* [Exercise details]:
Find "Quem já não" below and begin at its line; stop after the line with "ジングル - エキサイトシーンの未再生の波形". Output those lines exactly, without pictures.

-- Dataset follows --

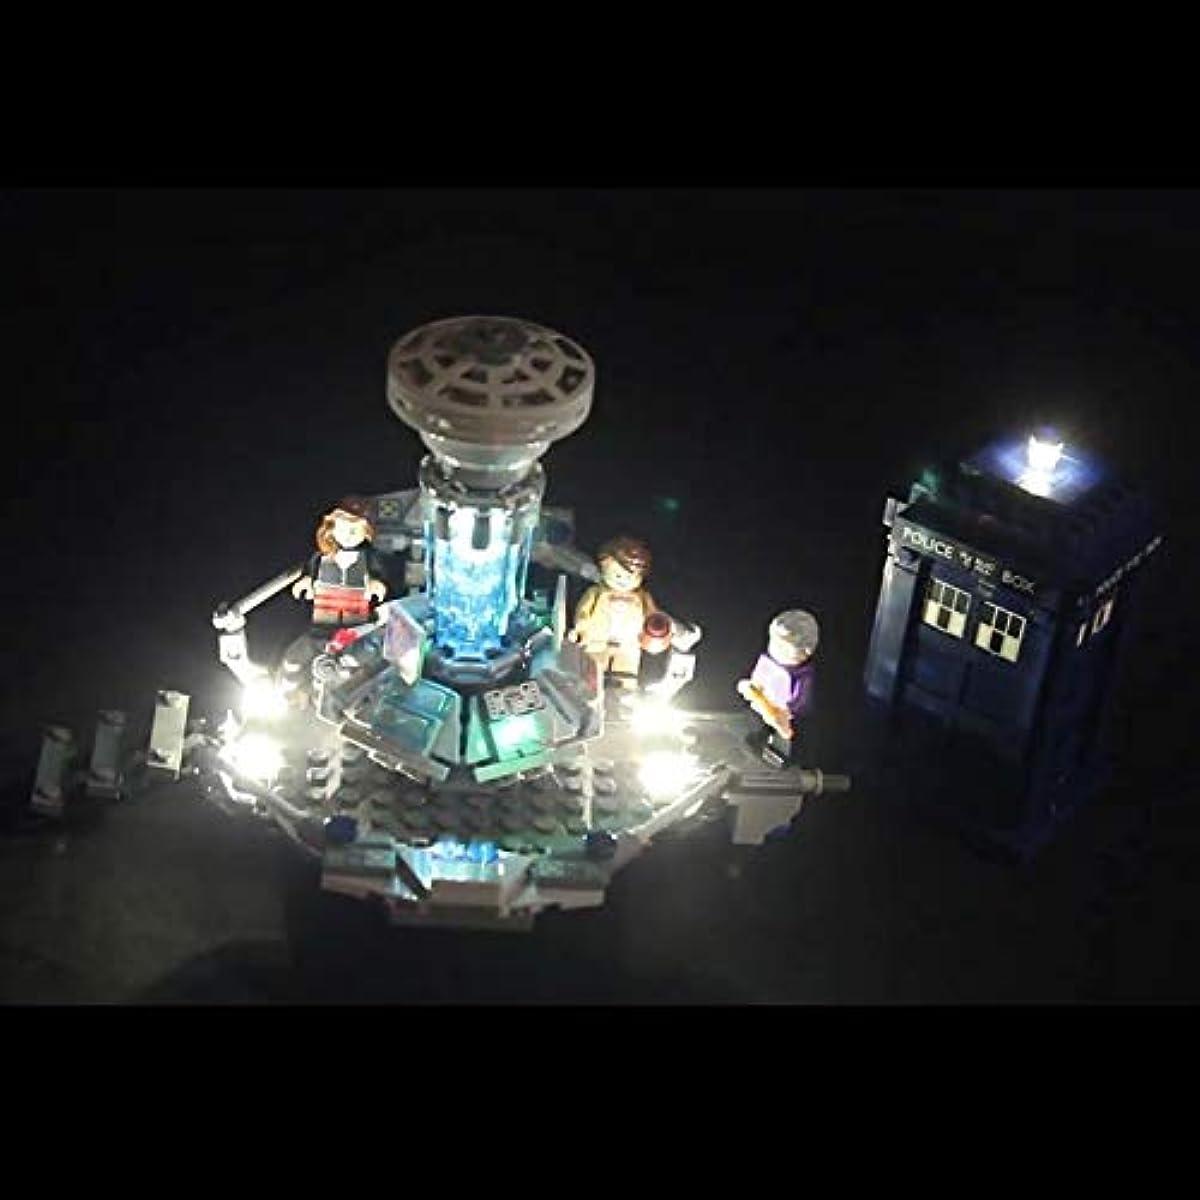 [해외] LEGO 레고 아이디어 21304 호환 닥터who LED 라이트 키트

-- Dataset concluded --
-- Dataset follows --

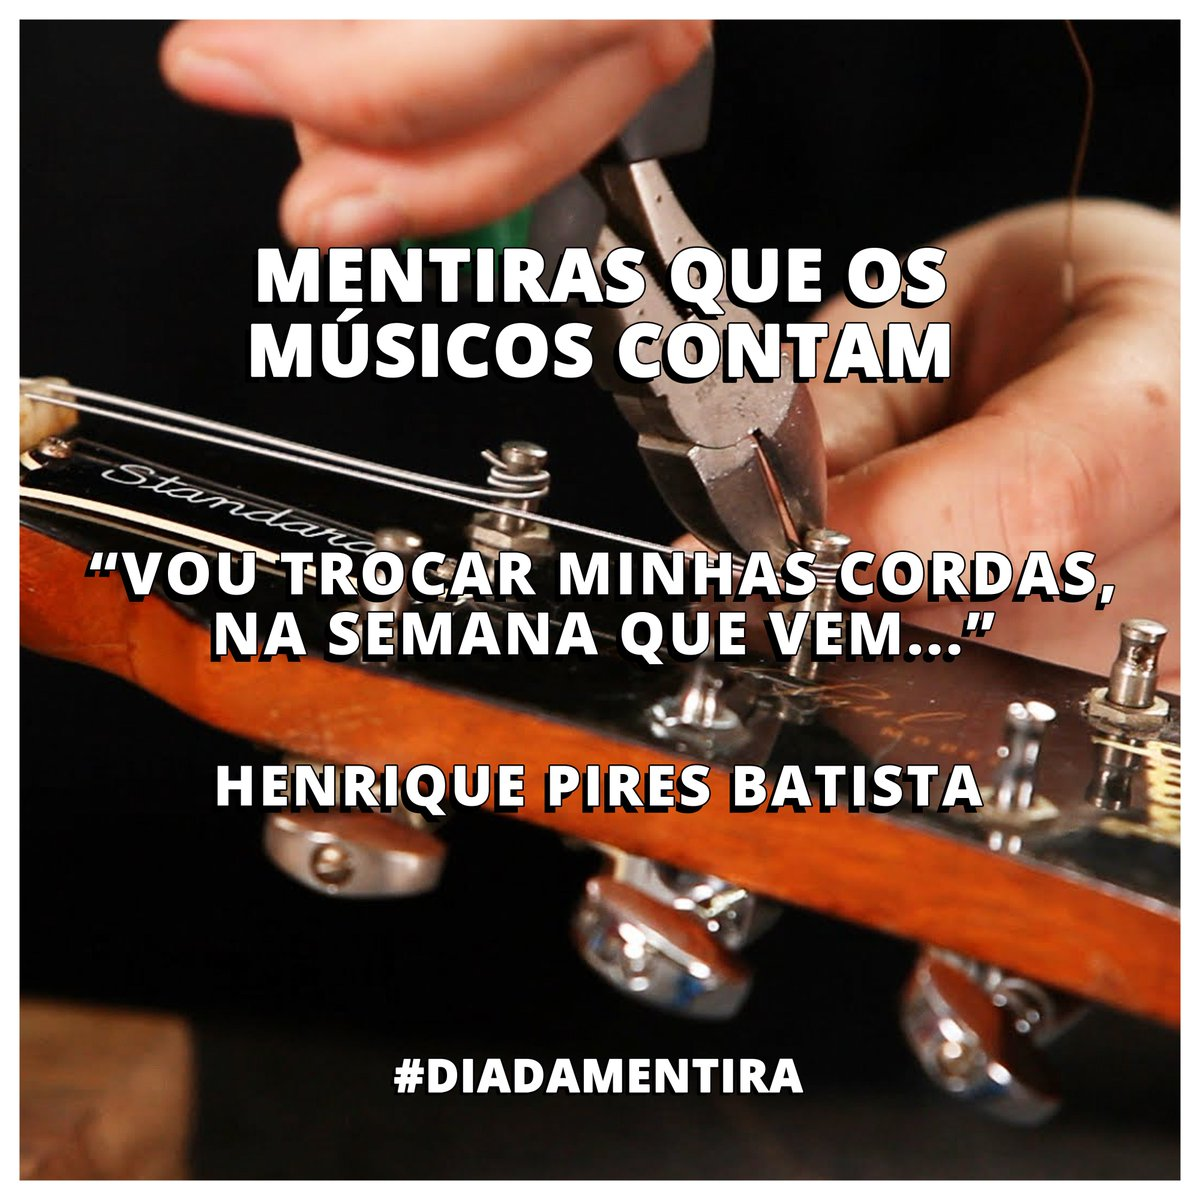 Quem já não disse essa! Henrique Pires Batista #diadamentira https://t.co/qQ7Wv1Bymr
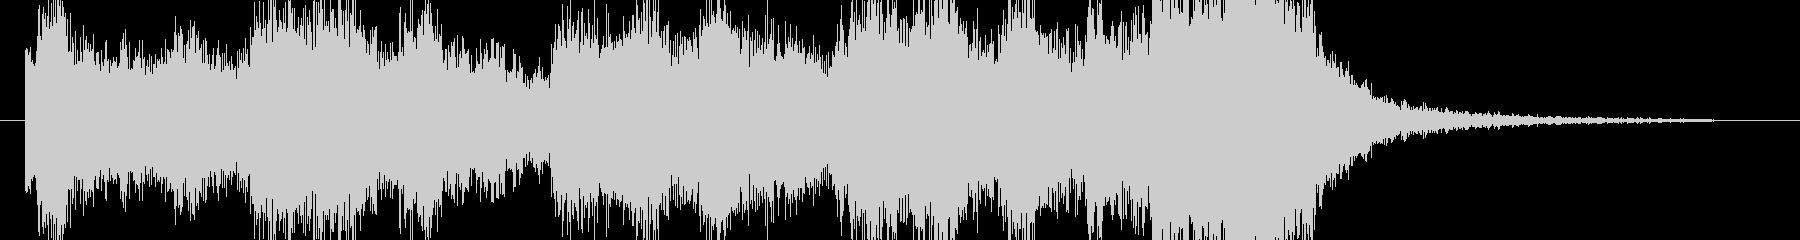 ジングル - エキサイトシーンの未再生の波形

-- Dataset concluded --

* [Reply to the task]:
 Quem já não disse essa! Henrique Pires Batista #diadamentira https://t.co/qQ7Wv1Bymr
 ジングル - エキサイトシーンの未再生の波形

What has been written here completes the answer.